Psoriasis is a chronic immune-mediated inflammatory disease of the skin with various presentations and clinical courses. The commonly used measures for scoring the severity of psoriasis include the Psoriasis Area and Severity Index (PASI*), which is a quantitative rating scale for psoriasis based on the severity of the lesions and the size of psoriatic areas assessed by physicians.
Quality of Life scales or global assessment of the disease, such as the Physician Global Assessment, are also widely used to measure clinical effectiveness of a particular treatment and to evaluate treatment success in routine care.
The added value of eCOA (Electronic Clinical Outcome Assessment) versus paper COA has been proven elsewhere. This article highlights the additional benefits for the clinical staff and study teams of using an eCOA Tablet device in clinical studies of Psoriasis.

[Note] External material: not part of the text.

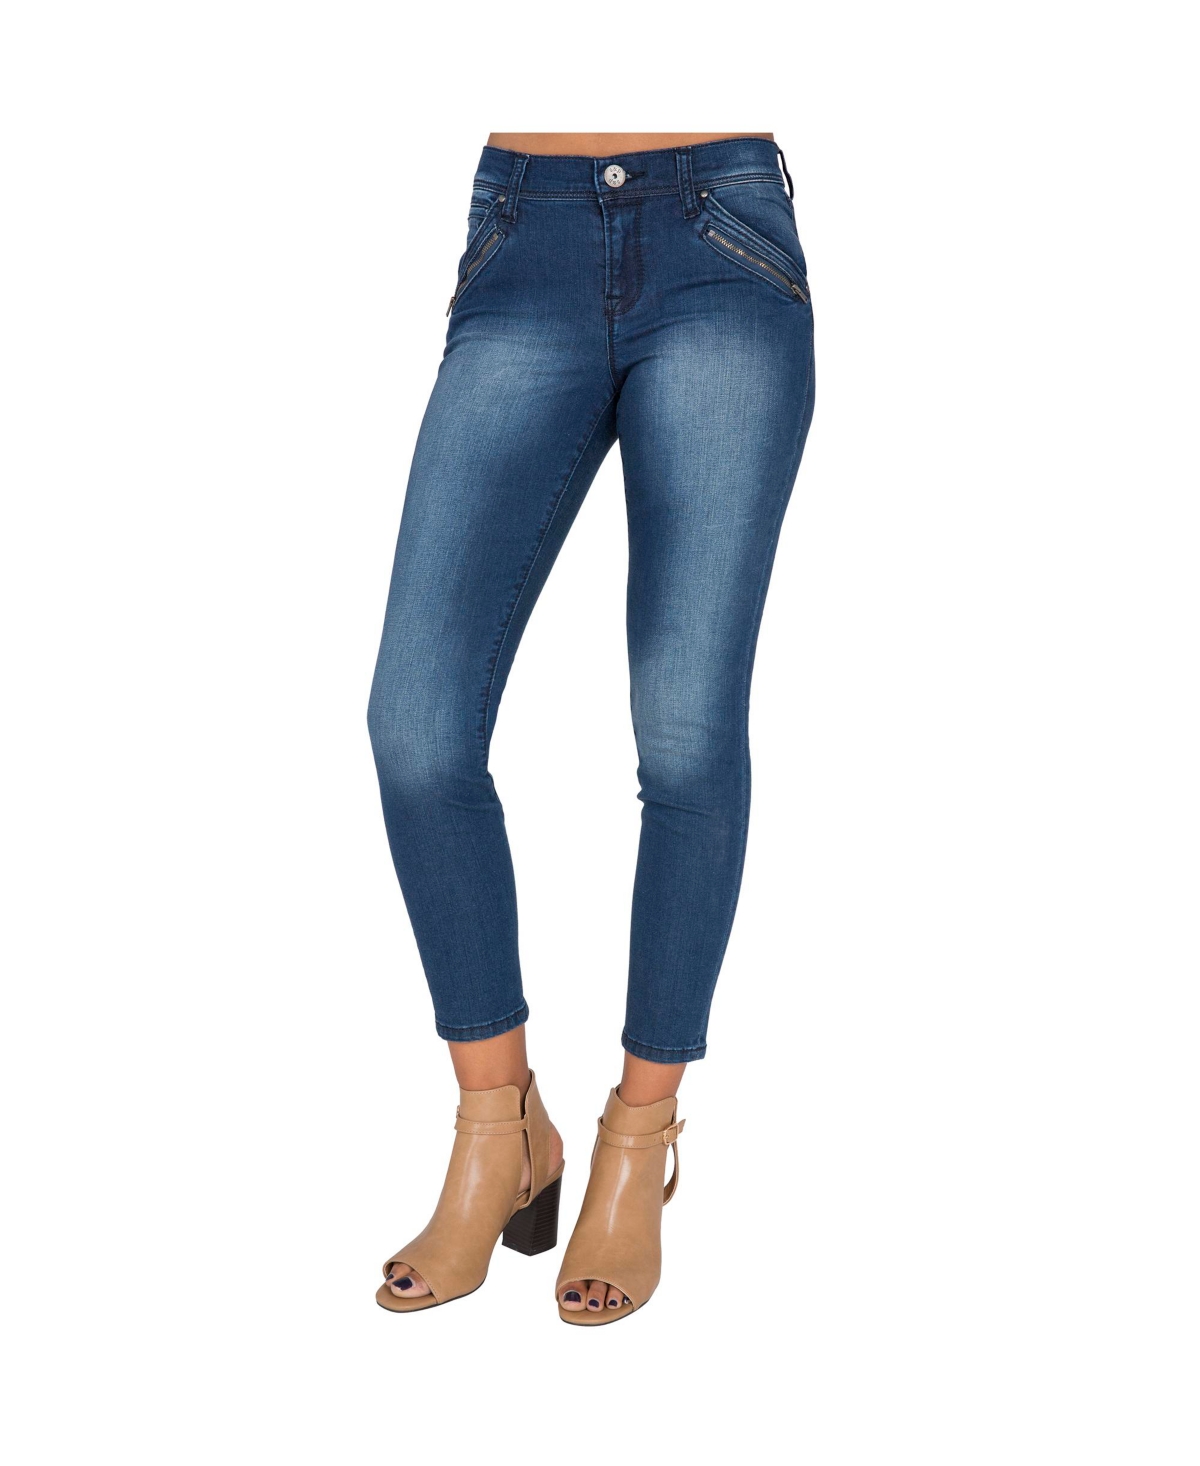 Women's Zipper Pocket Ankle Jeans - Medium blue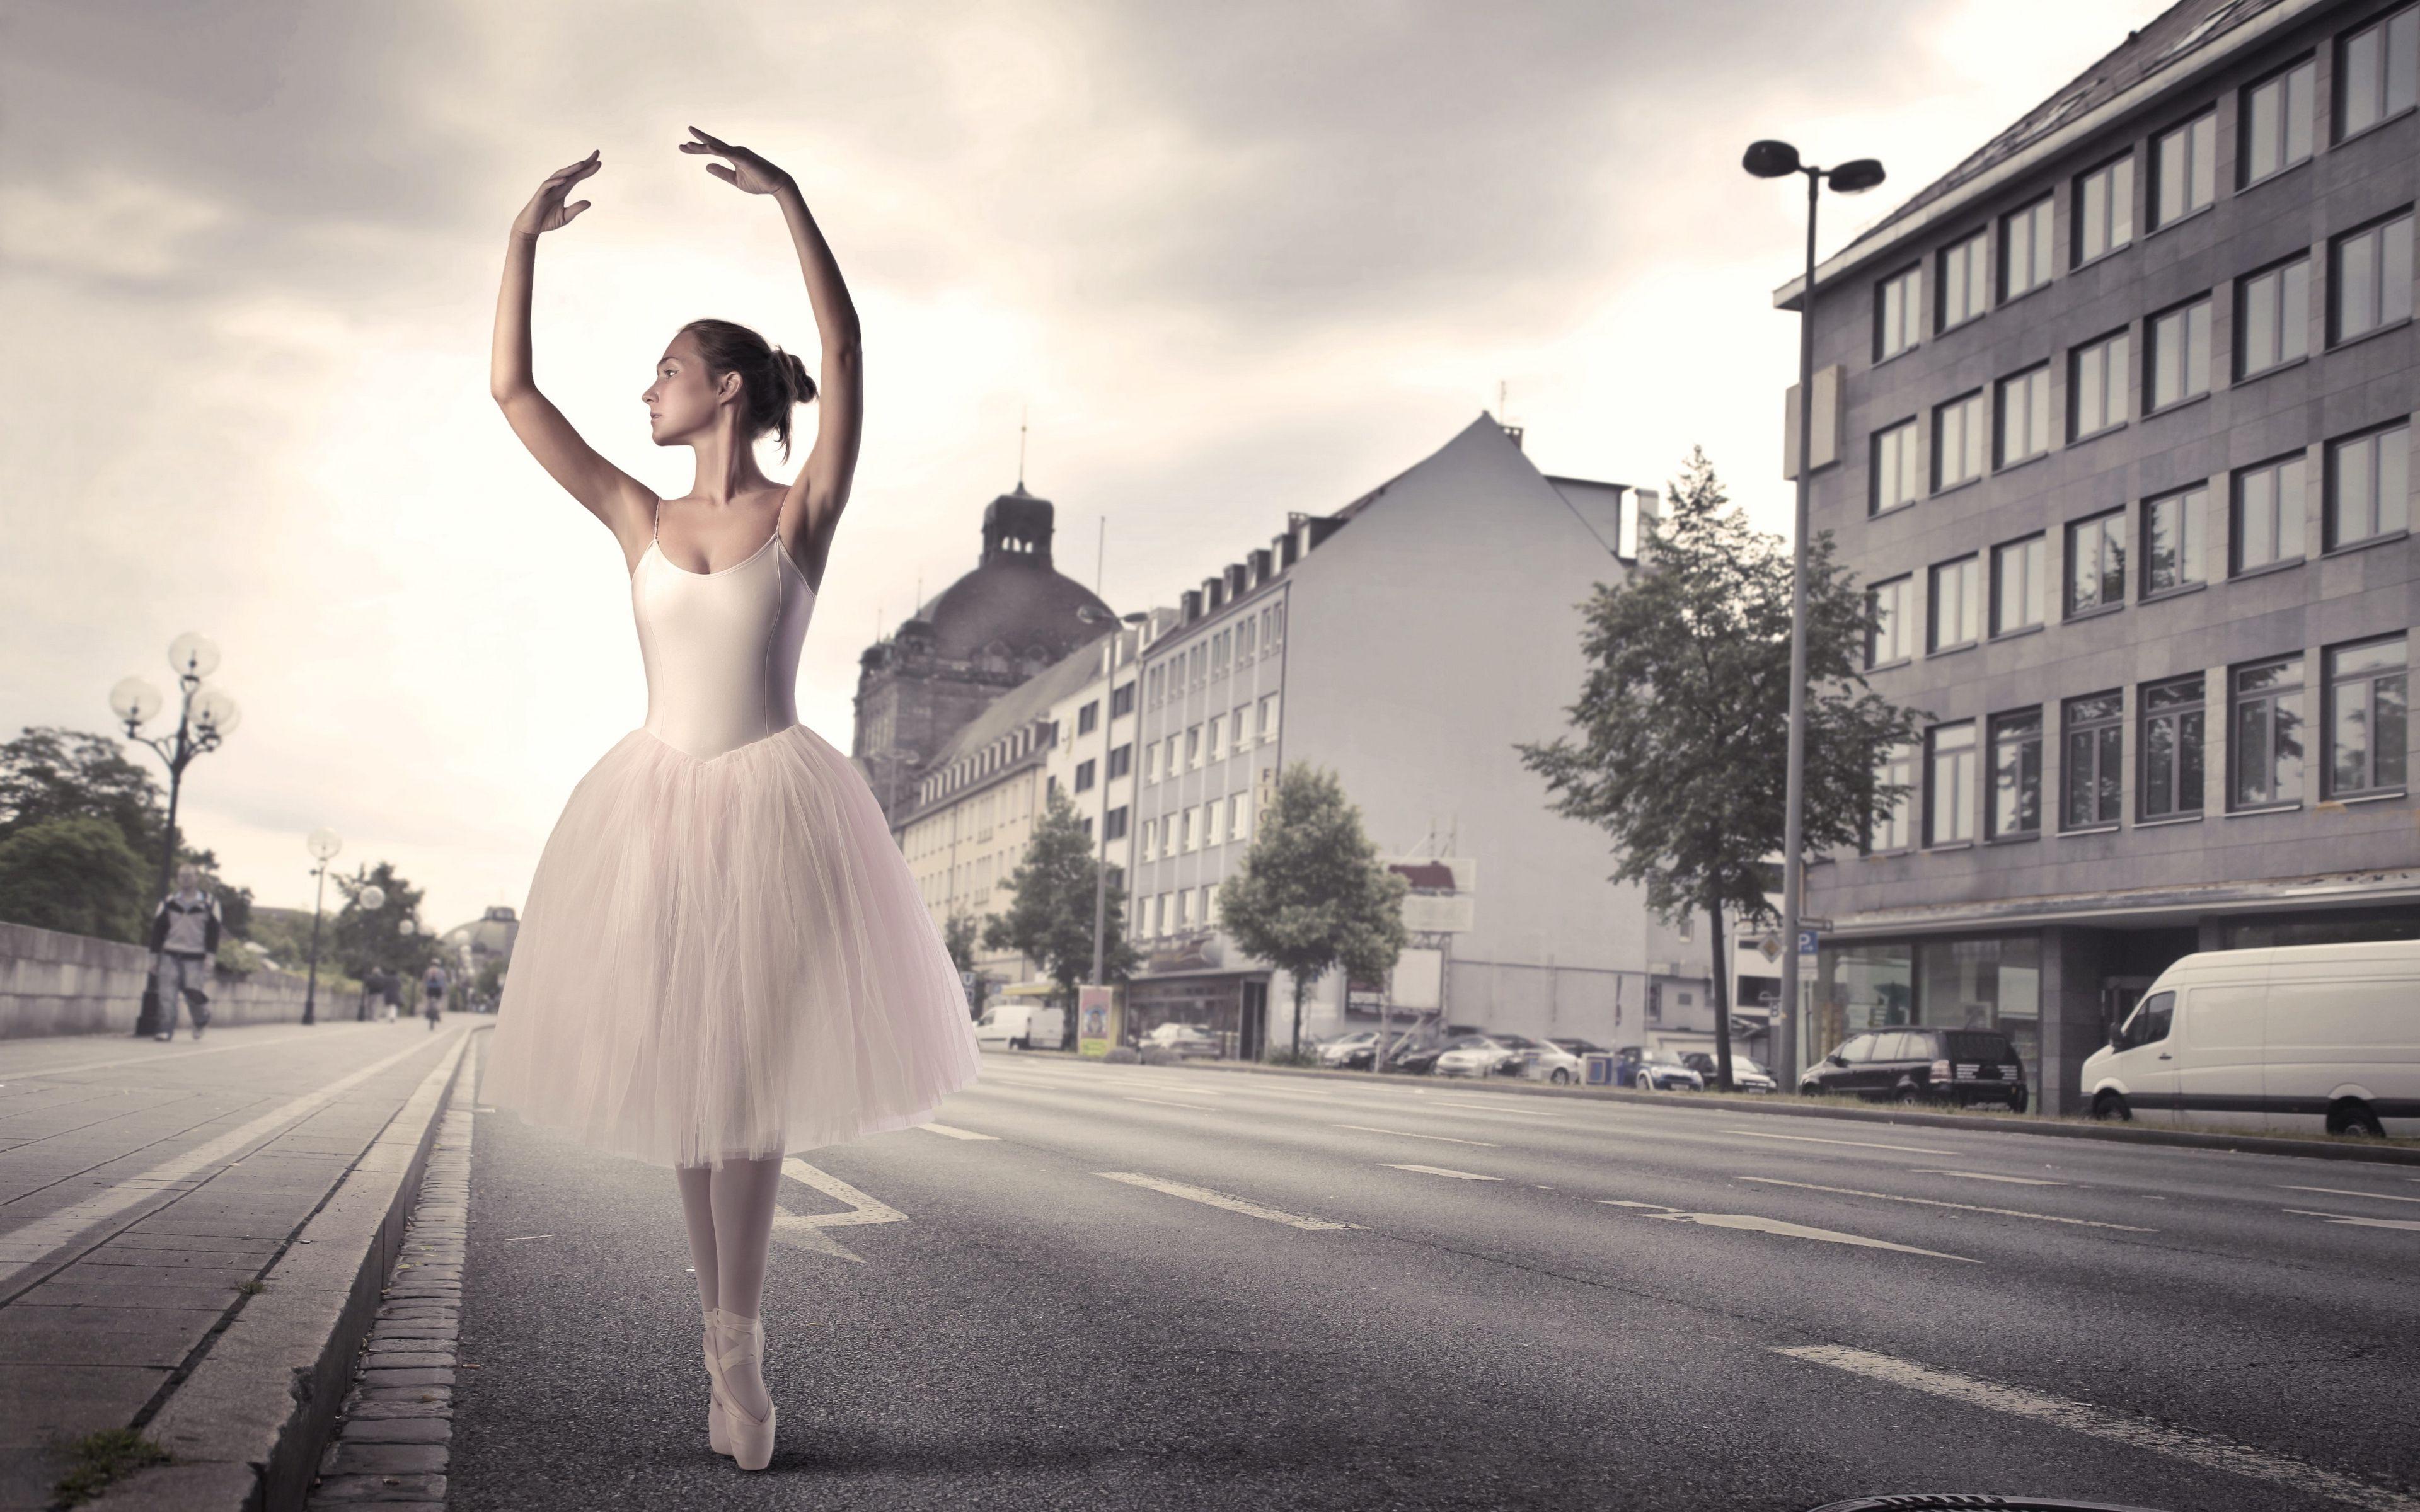 Download wallpaper 3840x2400 ballerina, road, city, dance 4k ultra

3 key success factors for eCOA Tablets in Psoriasis studies are listed below:
1. Tablet device for eCOA: the right device for site-based eClinRO & ePRO data collection
The collection of data on patient symptoms and the global assessment of the disease observed by clinicians (ClinRO) as well as data on patient quality of life (ePRO) need to be taken into consideration in choosing the device.
The type of eCOA instruments used in clinical studies of Psoriasis—especially the PASI assessment—require a larger screen due to the presentation of the rating scale tab.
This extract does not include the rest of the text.